ASSIGNMENT: What are the lines below, starting at the line containing "Aysa Heydari – Bato Bahar" and ending at the line containing "Merkloos Hygiënische automatische"? Write them out exactly, ends included, without pictures.

DATASET ENTRIES:
^^^^^^^^^^^^^^^^
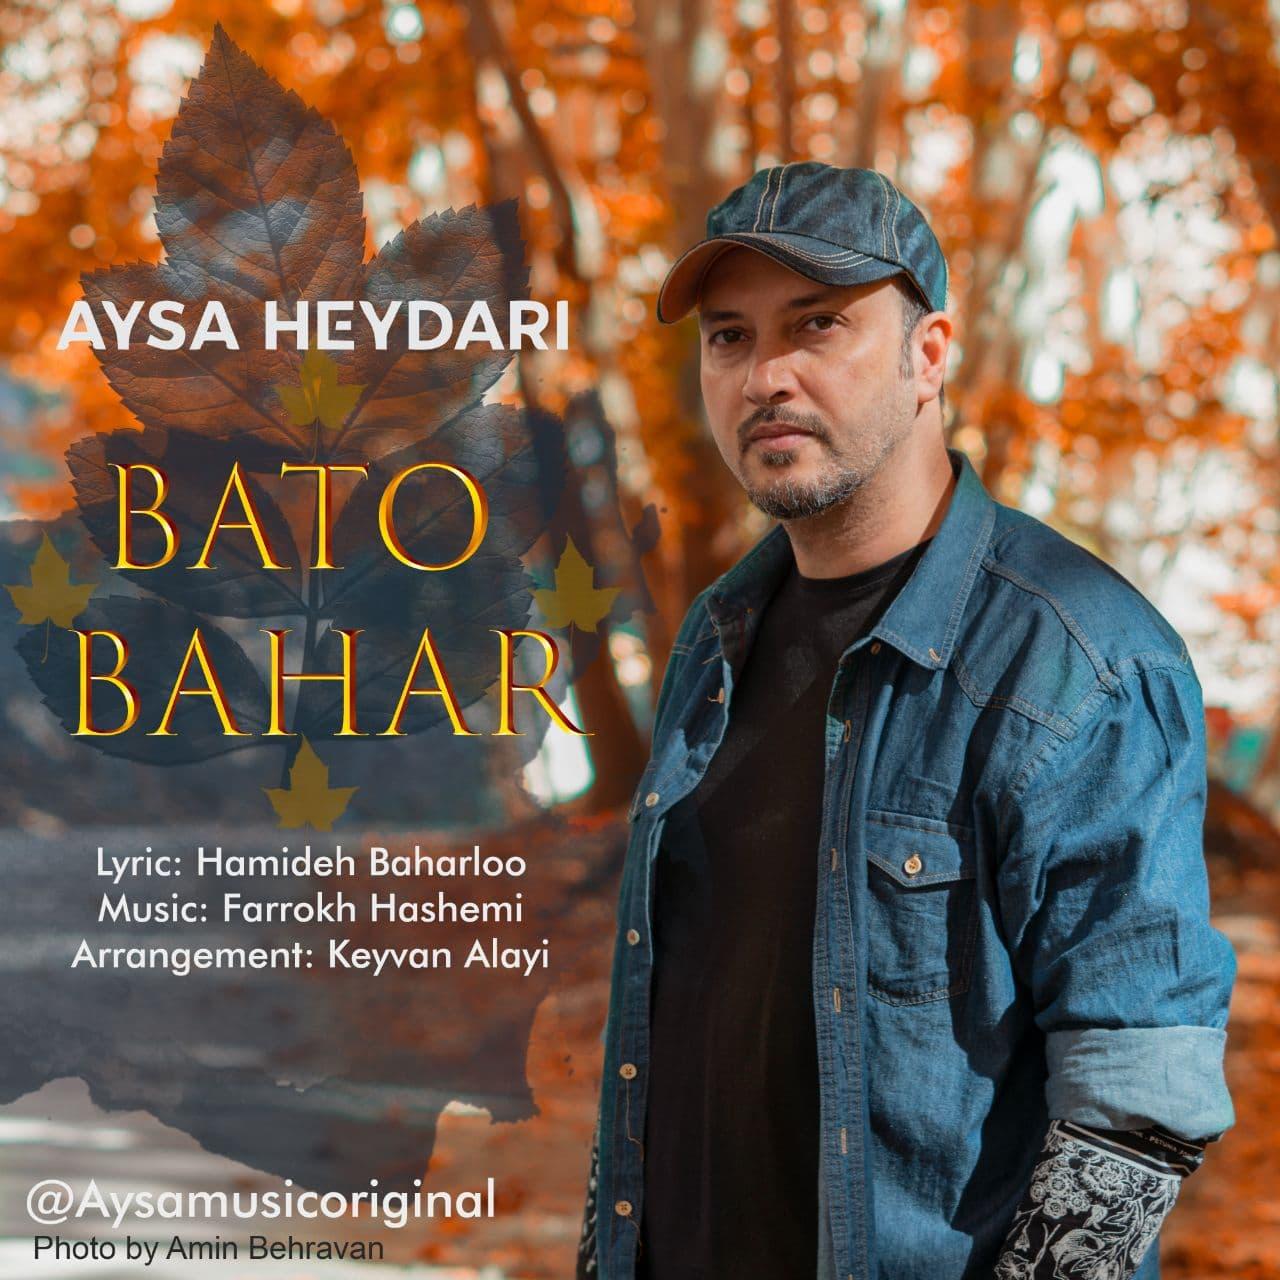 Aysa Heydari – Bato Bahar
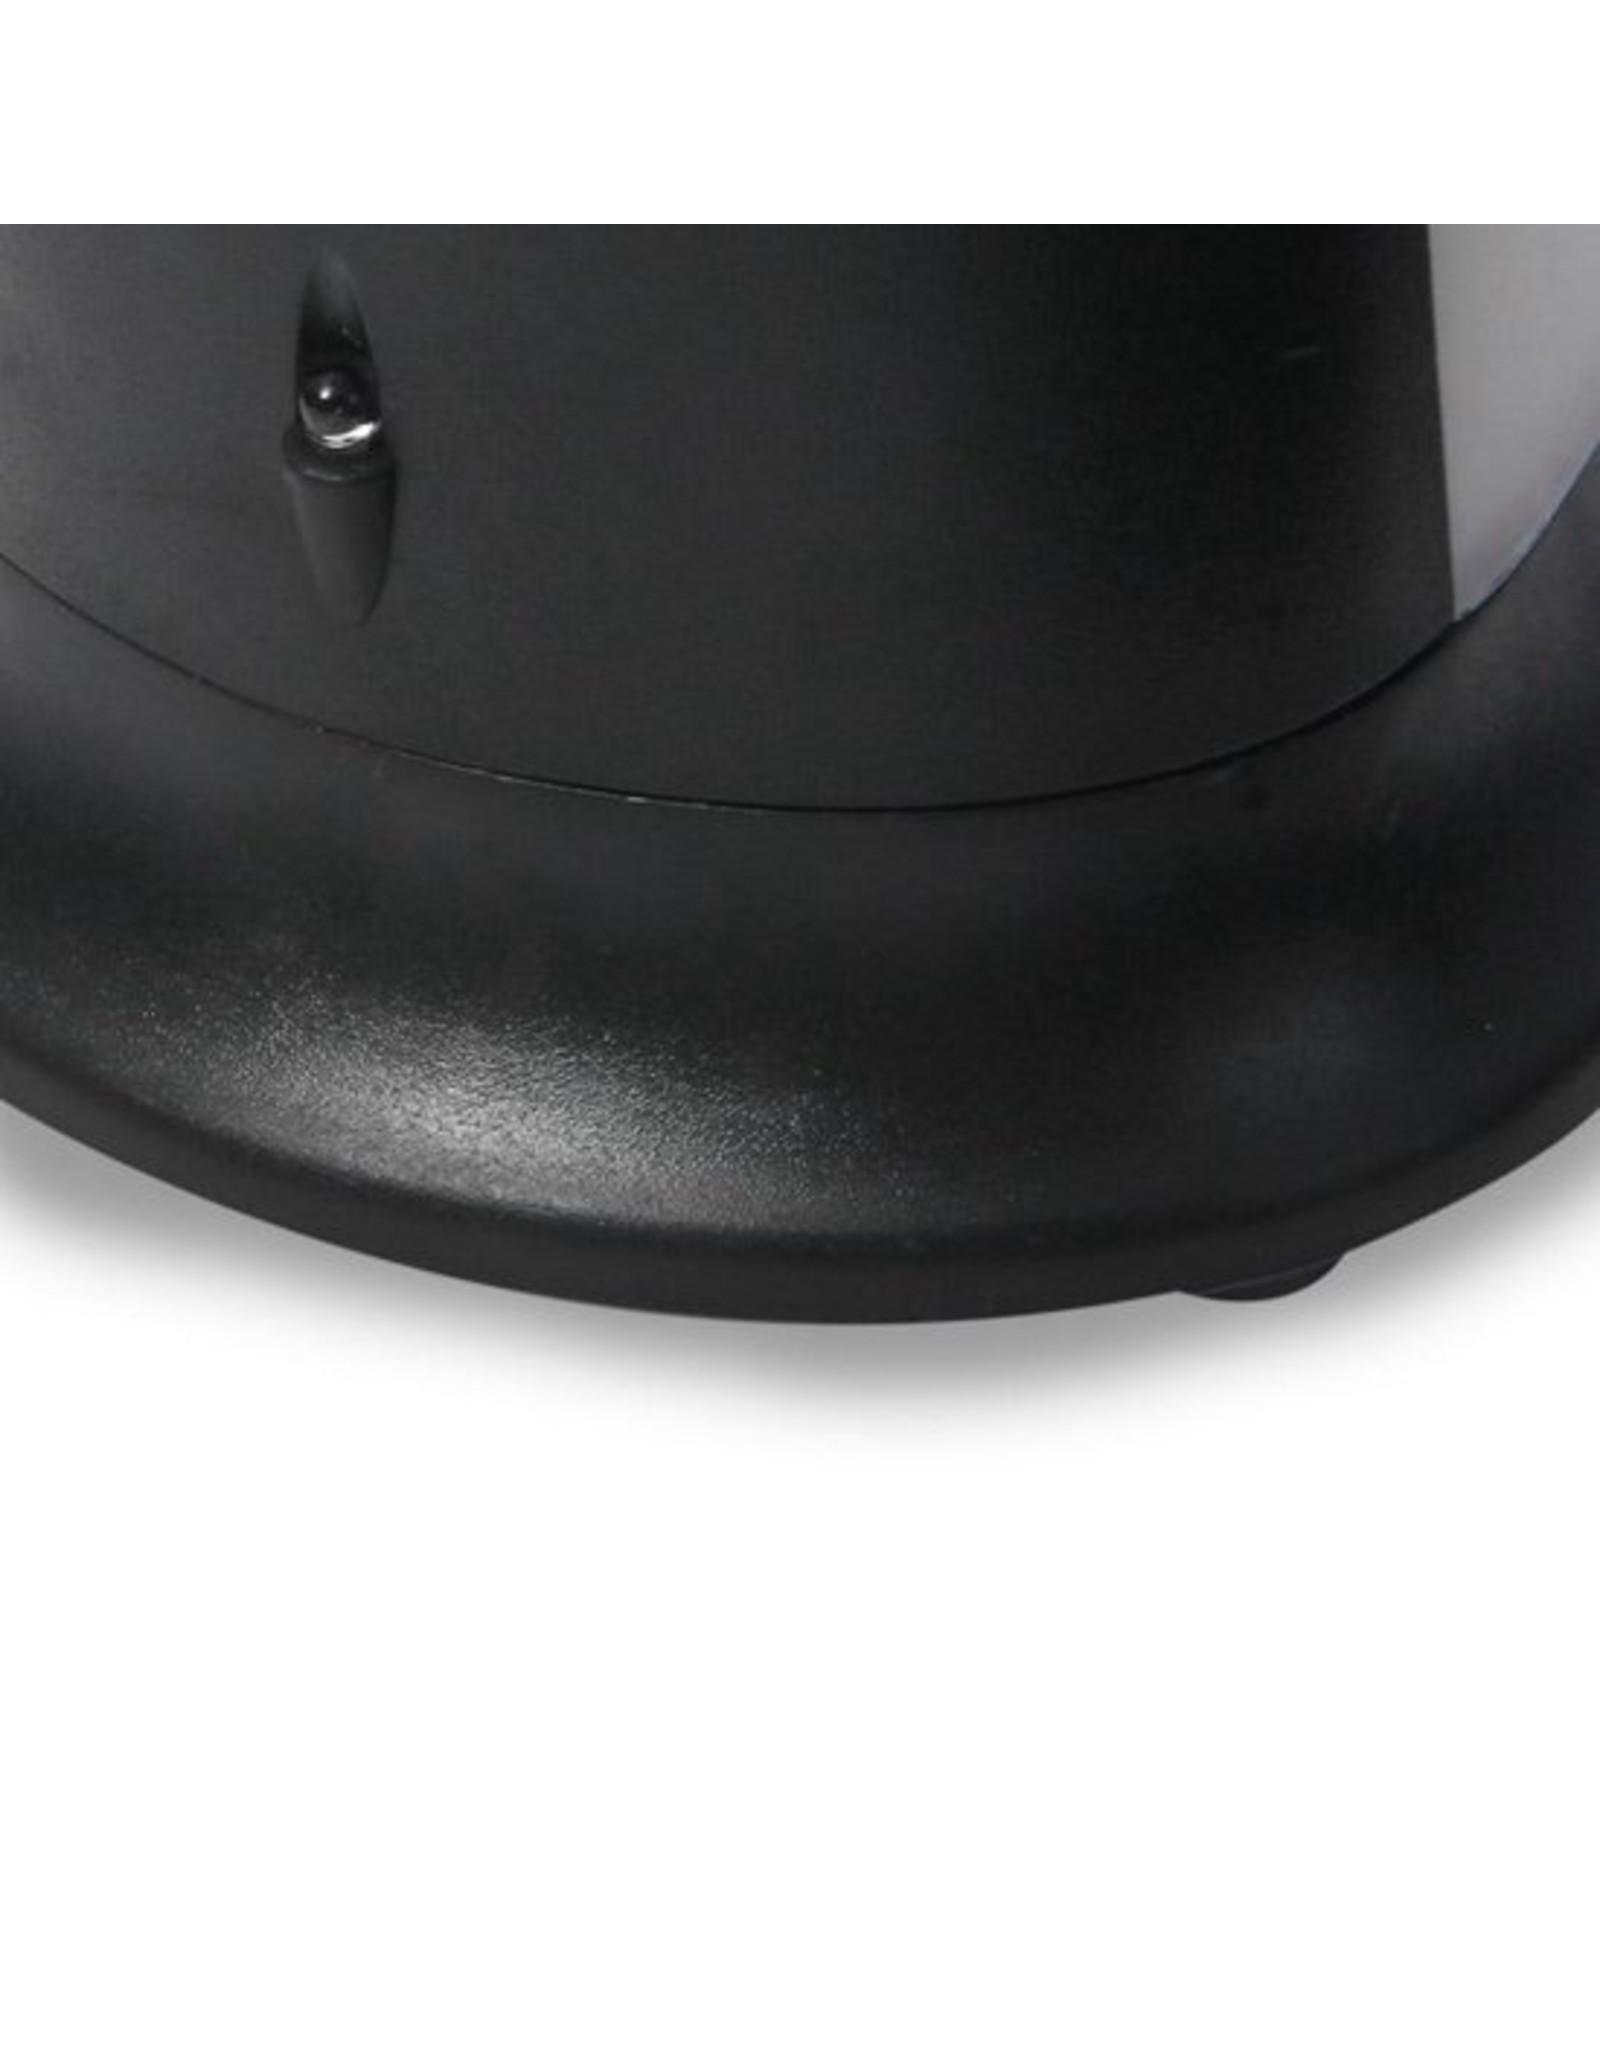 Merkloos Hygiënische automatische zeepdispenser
^^^^^^^^^^^^^^^^
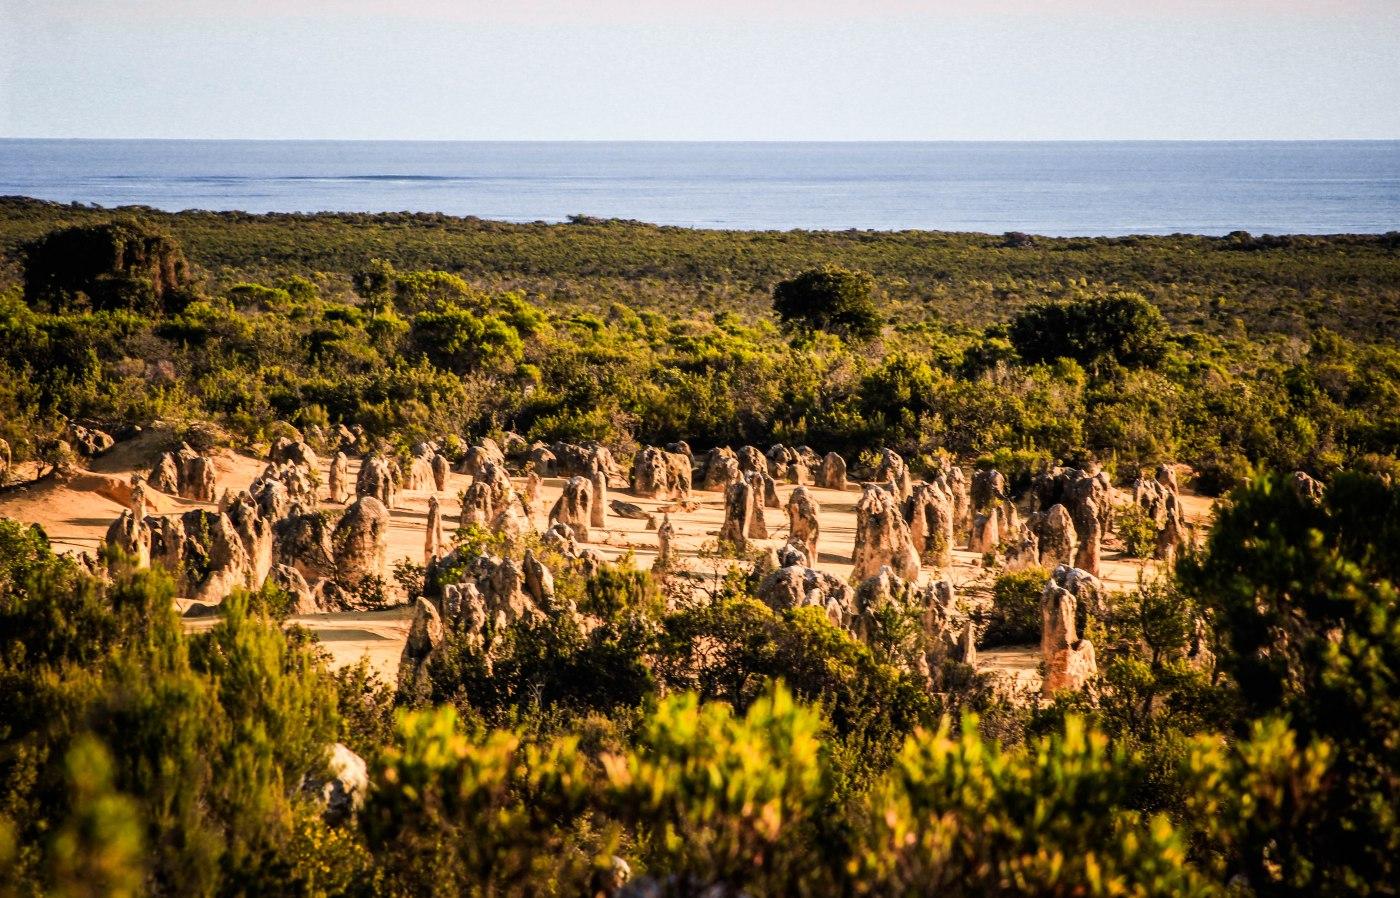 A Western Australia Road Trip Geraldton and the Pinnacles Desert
^^^^^^^^^^^^^^^^
RESULT OF THIS TASK:
 Aysa Heydari – Bato Bahar
 Merkloos Hygiënische automatische zeepdispenser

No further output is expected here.